Cultural diversity has been conceptualized and studied in diverse ways. On the one hand, cultural diversity can be conceptualized based on people’s ethnic and national backgrounds. On the other hand, cultural dimensions are defined based on individuals' behaviors and traits. Sociologists further categorize the latter depending on the degree of typicality in cultural artifacts/activities and individuals’ omnivorousness over cultural tastes.
To understand issues about information accessibility within communities, research studies have examined human, social, and technical factors by taking a sociotechnical view. While this view provides a profound understanding of how people seek, use, and access information, this approach tends to overlook the impact of the larger structures of information landscapes that constantly shape peoples access to information.
KNEXT is a three-year collaborative project between Kent State University (KSU-SLIS) and the University of Maryland (UMD-CIS), which partners with local public libraries, small business development centers, economic development organizations, and community advocacy groups to bring advanced data analytics and business intelligence (DA&BI) services to public libraries in order to support small businesses, entrepreneurs, and community advocates within two recovering communities in Ohio and Maryland.
Neighborhoods are vaguely defined, localized regions that share similar characteristics. They are most often defined, delineated, and named by the citizens that inhabit them rather than municipal government or commercial agencies. The names of these neighborhoods play an important role as a basis for community and sociodemographic identity, geographic communication, and historical context.
This research will develop a foundational tool for understanding how civic technologies are used and how information inequalities manifest in a city. User data from new civic technologies that reveal inequalities in the information environments of citizens has only recently become available. Since a large portion of data is demographically or geospatially biased due to varying human-data relationships, computational social scientists have used data modeling and algorithmic techniques to adjust the data and remove biases during data-processing.
To understand issues about information accessibility within communities, research studies have examined human, social, and technical factors and contexts by taking a socio-technical view. While this view provides a profound understanding of how people seek, use, and access information, this approach tends to overlook the impact of the larger structures of information landscapes that shape people’s access to information.

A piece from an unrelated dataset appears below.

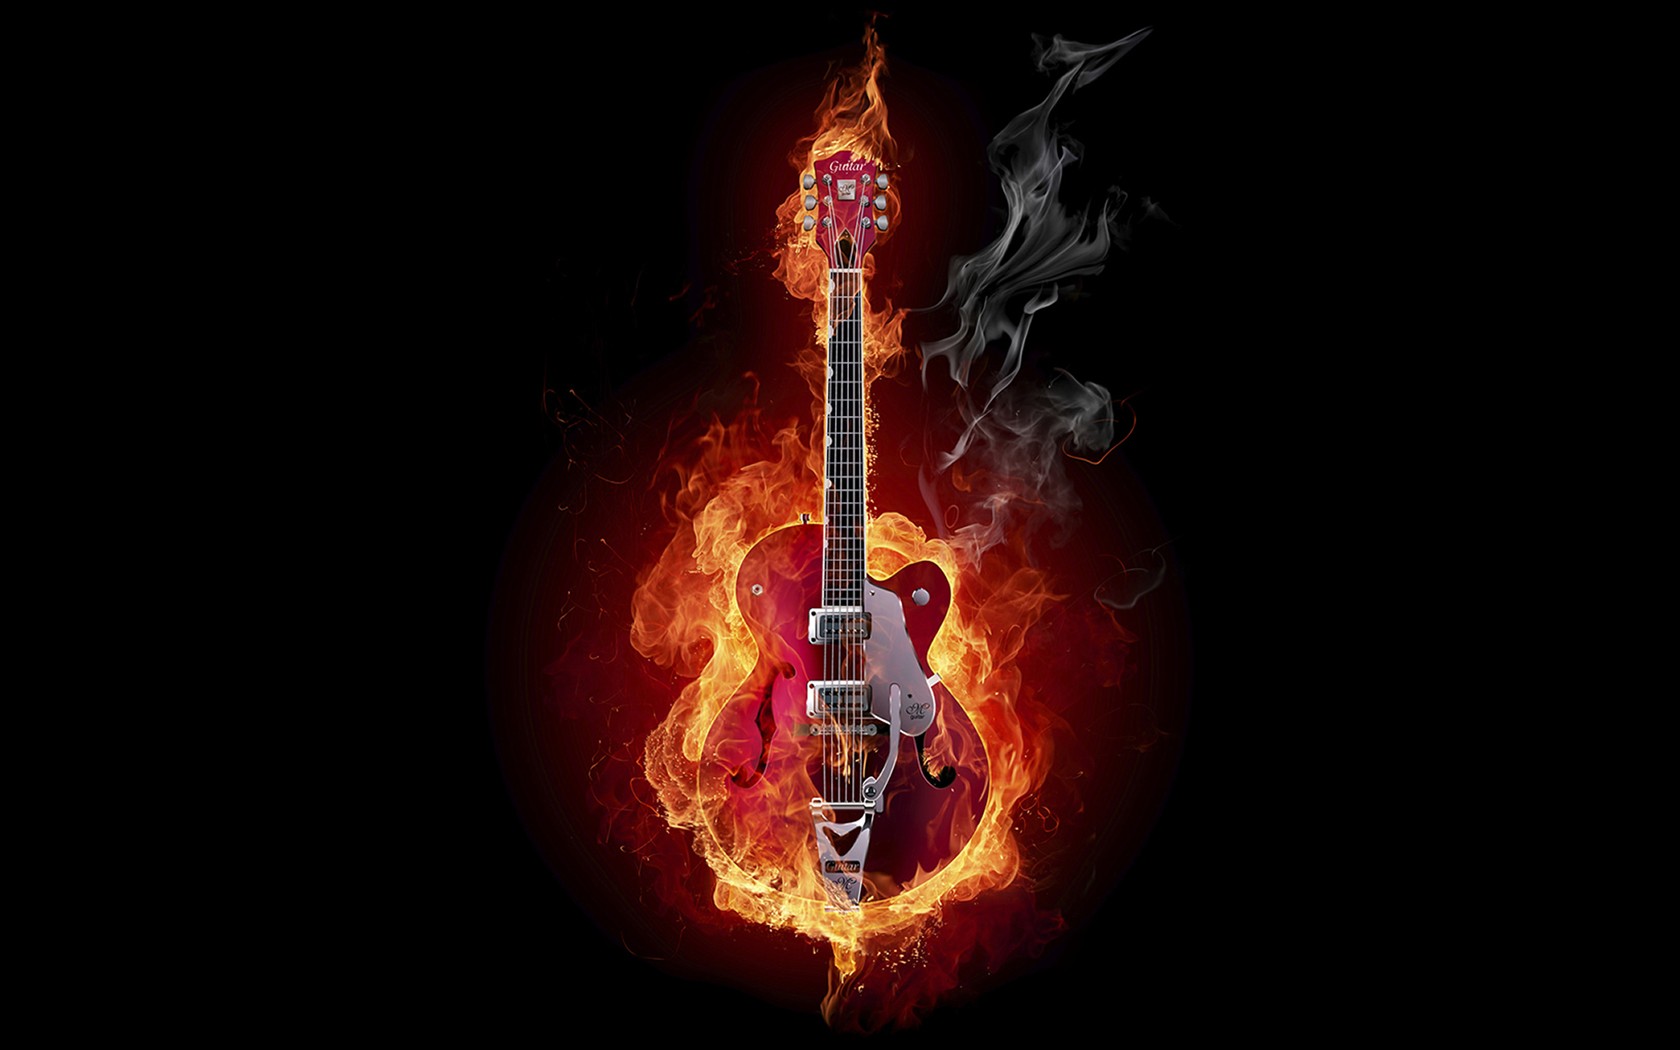 General 1680x1050 musical instrument fire digital art Flame Painter guitar burning simple background black background

Urban renewal was a national initiative from the 1960s through 70s aimed at improving so-called “blighted” areas, and resulted in the displacement of many vibrant communities. While the underlying mechanisms of urban renewal have been examined, there have been very few data-driven, evidence-based studies that take into account the histories and interests of former residents. The “Human Face of Big Data” project started as a digital curation effort to design and develop a web-based, big data platform that provides insights and analytics into the mechanisms of this process.
Computational Archival Science (CAS) has been proposed as a trans-disciplinary field that combines computational and archival thinking. To provide grounded evidence, a foundational paper explored eight initial themes that constitute potential building blocks. In order for a CAS community to emerge, further studies are needed to test this framework. While the foundational paper for CAS provides a conceptual and theoretical basis of this new field, there is still a need to articulate useful guidelines and checkpoints that validate a CAS research agenda.
The Cycle Atlanta project aims at creating sensor systems that allow a bike to "see" its environment and collect data as a participatory effort so that we can help the City of Atlanta to make informed decisions about biking infrastructures. Specifically, a sensor box equipped with sonars, lidars, PM sensors, gas sensors, gyroscope, accelerometer, and others was developed to detect environmental factors that can give rise to cyclists' stress level. I participated in this project as a Data Science for Social Good (Atlanta's DSSG) Summer fellow in 2017.
Defining neighborhood boundaries within a city is a complex and often subjective task. Neighborhoods boundaries are defined by the people that visit and live in the region, and activities that occur within those boundaries. Depending on the individual or group activity being conducted, these boundaries can change substantially. Transportation and human mobility patterns offer a novel basis on which to explore and delineate neighborhoods.